MÜRSELAT SÜRESİ
1.2.3.4.5.6-Ardarda irfanla gönderilenlere, şiddetle esip de savuranlara ve dağıtıp yayanlara ve doğruyu yanlıştan ayıranlara ,uyarı veya özür olarak zikri/öğütü/fıtratı hatırlatmayı söyleyenlere andolsun.
7-Muhakkak ki vaadedilen/gerçekleşecek olan şey, mutlaka vuku bulacaktır/gerçekleşecektir.
8-Öyle ki, yıldızların ışığı giderildiği zaman.
9-Gök yarıldığı zaman,
10-Dağlar dağıldığı zaman,
11-Peygamberlerin/resullerin/elçilerin vakti tayin edildiği zaman,
12-Hangi gün için tecil edildi/ertelendi.
13-Ayırma günü için
14-O fasıl/ayırma gününün ne olduğunu sana bildiren nedir?
15-O günü yalanlayanların vay hâline!
16-Biz öncekileri helâk etmedik mi?
17-Sonra, diğerlerini/daha sonra gelenleri de onlara tabi kılarız.

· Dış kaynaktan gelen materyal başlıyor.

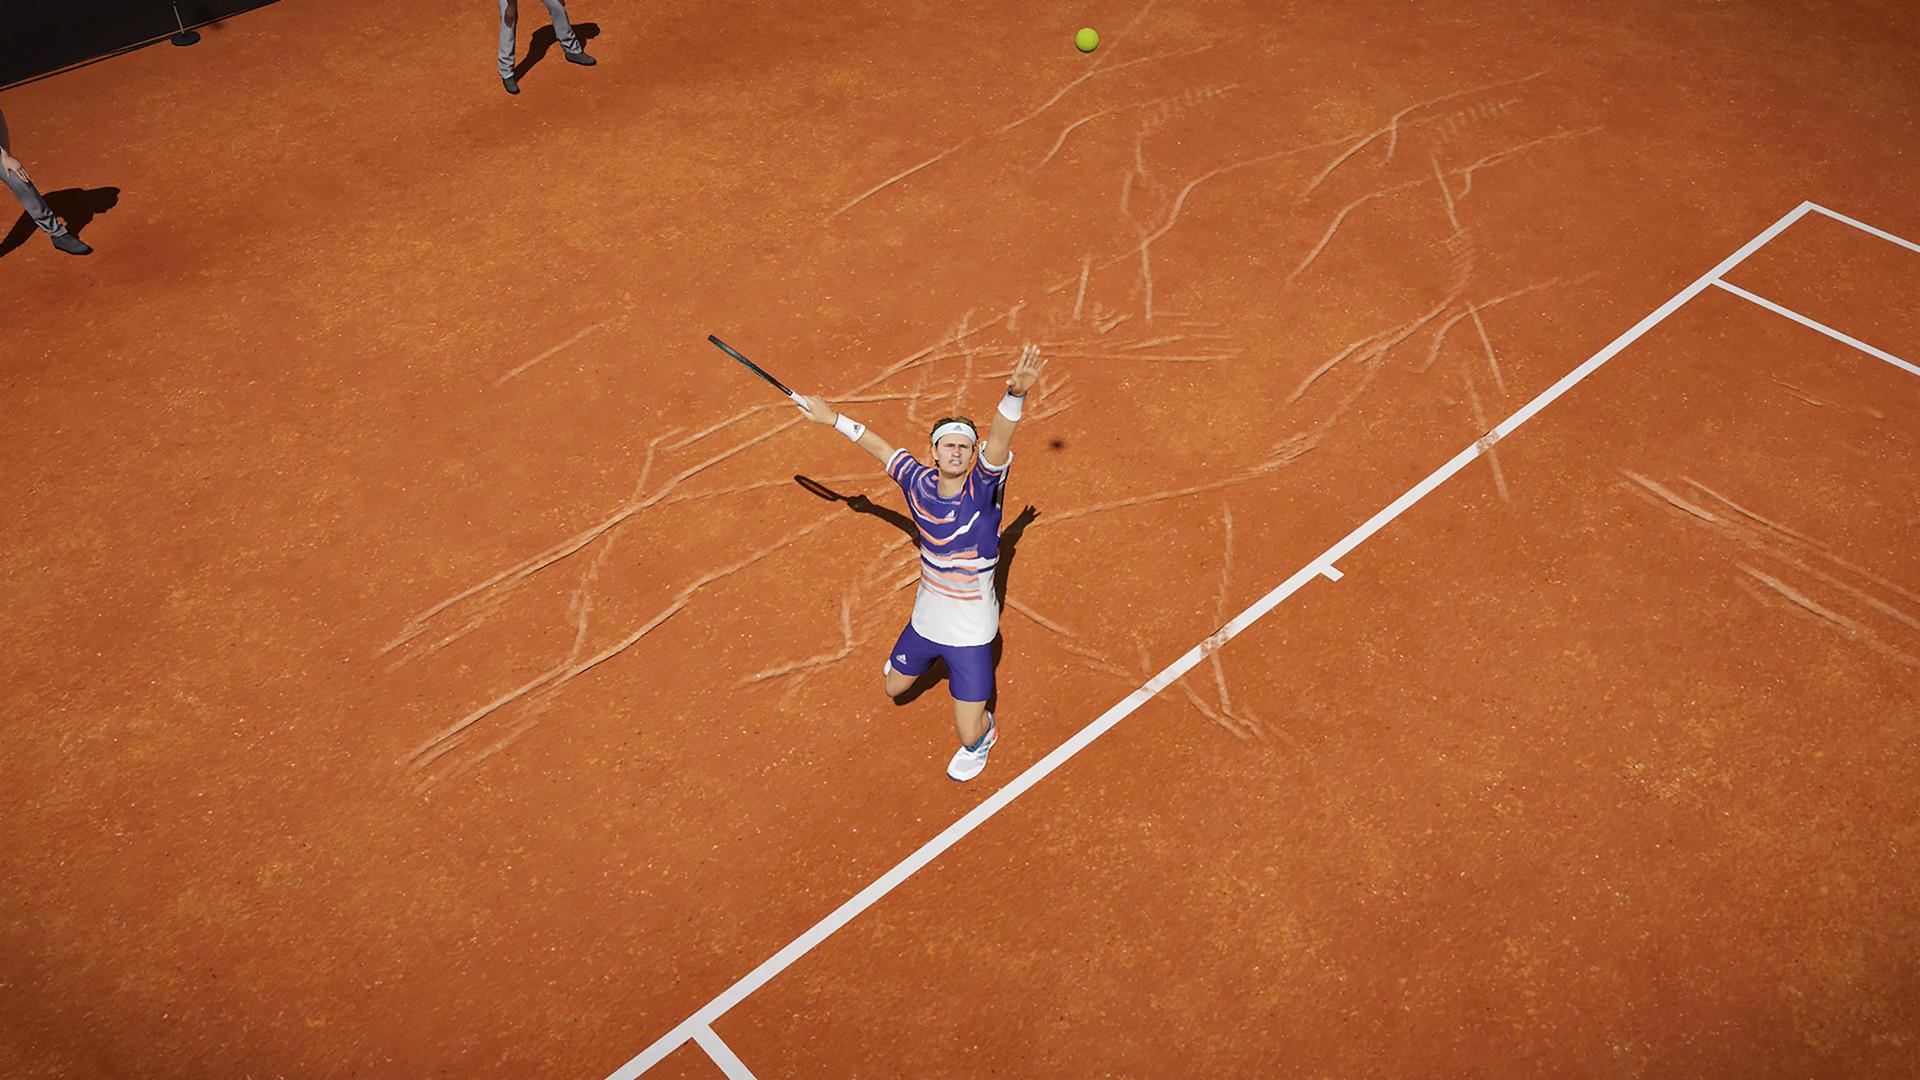 tennis-world-tour-2-pc-screenshot-04
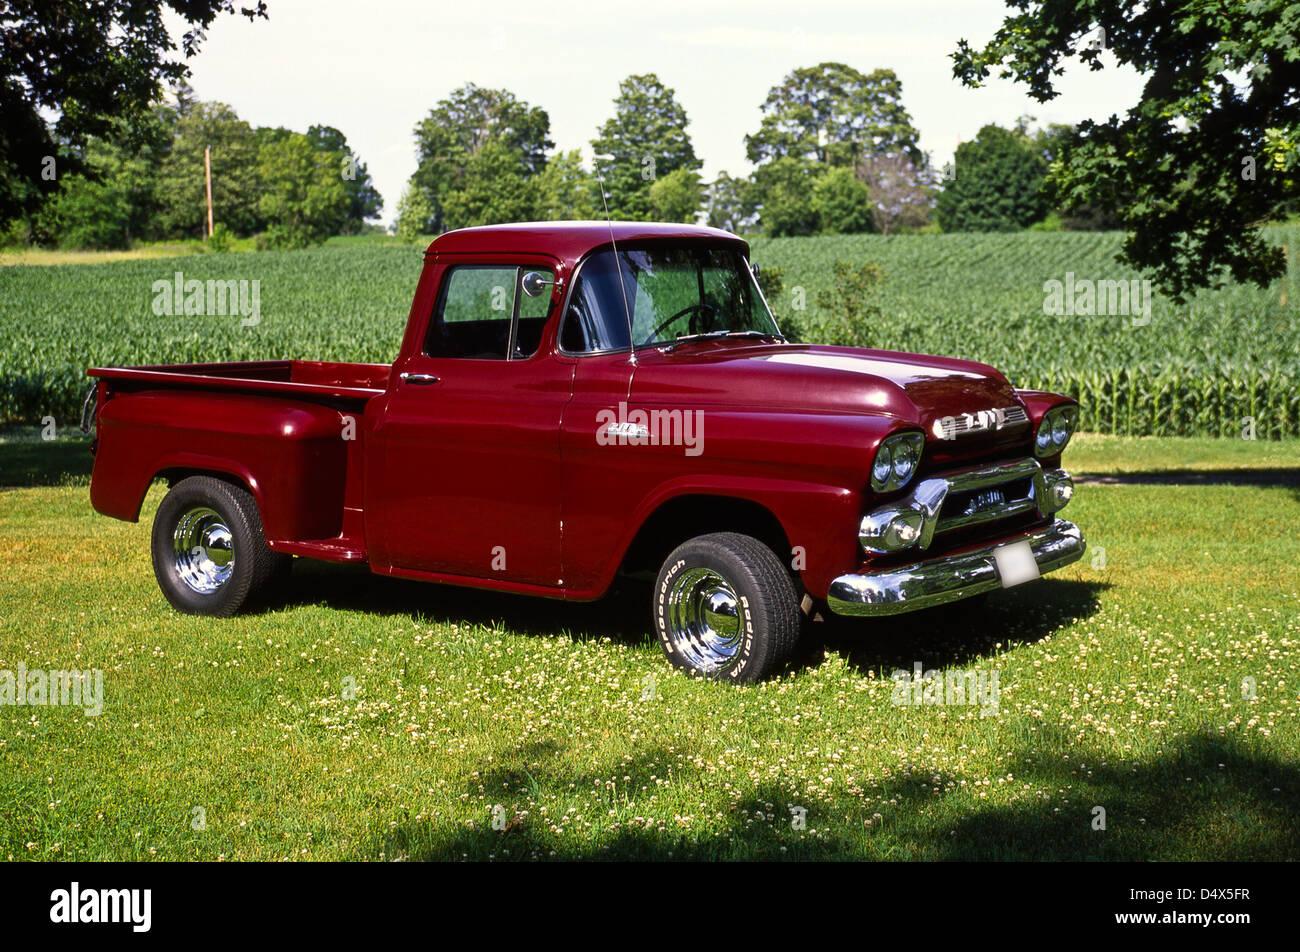 1959 Gmc General Motors Company Model 9310 Pick Up Truck Stock Photo

18-Suçlulara işte böyle yaparız.
19-İzin günü/kıyamet gününü yalanlayanların vay haline!
20-Sizi basit bir sudan yaratmadık mı?
21.22-Sonra onu tayin edilen belli bir süreye kadar sağlam bir mekanda tuttuk.
23-İşte biz bunu ölçüye göre takdir ettik. Biz ne güzel takdir verenleriz!
24-İzin günü/kıyamet gününü yalanlayanların vay haline!
25.26-Yeryüzünü dirilere ve ölülere toplanma yeri yapmadık mı?
27-Yeryüzünde haşmetli dağlar meydana getirdik. Sizi tatlı sular ile suladık.
28-İzin günü/kıyamet gününü yalanlayanların vay haline!
29.30-O yalanlamış olduğunuz üç dala ayrılmış olan gölgeye gidin!
31-Gölgelendirmez ve yakıcı aleve bir faydası olmaz.
32-Muhakkak ki o, saray gibi büyük kıvılcımlar atar.
33-O sanki sarı develer gibidir.
34-İzin günü/kıyamet gününü yalanlayanların vay haline!
35-Bu, konuşamayacakları gündür.
36-Ve onlara artık özür dilemeleri için izin verilmez.
37-İzin günü/kıyamet gününü yalanlayanların vay haline!
38-Bu ayrılma günüdür.Sizi ve önceden gelenleri biraraya topladık.
39-Eğer bir tuzağınız varsa, haydi bana tuzak kurun!
40-İzin günü/kıyamet gününü yalanlayanların vay haline!
41-Muhakkak ki muttakiler/takva sahipleri gölgelerde ve pınarbaşlarındadır.
42-Ve canlarının istediği meyveler içindedirler.
43-Yaptıklarınız sebebiyle afiyetle yiyin ve için.
44-Muhakkak ki Biz, muhsinleri/takva sahiplerini/güzel işlerde bulunanları işte böyle mükâfatlandırırız.
45-İzin günü/kıyamet gününü yalanlayanların vay haline!
46-Yiyin ve geçici olarak biraz faydalanın ; siz suçlularsınız.
47-İzin günü/kıyamet gününü yalanlayanların vay haline!
48-Ve onlara: “Rükû edin!” denildiği zaman rükû etmezler/boyun eğmezler.
49-İzin günü/kıyamet gününü yalanlayanların vay haline!
50-Bundan başka artık hangi hadise/söze inanacaklar?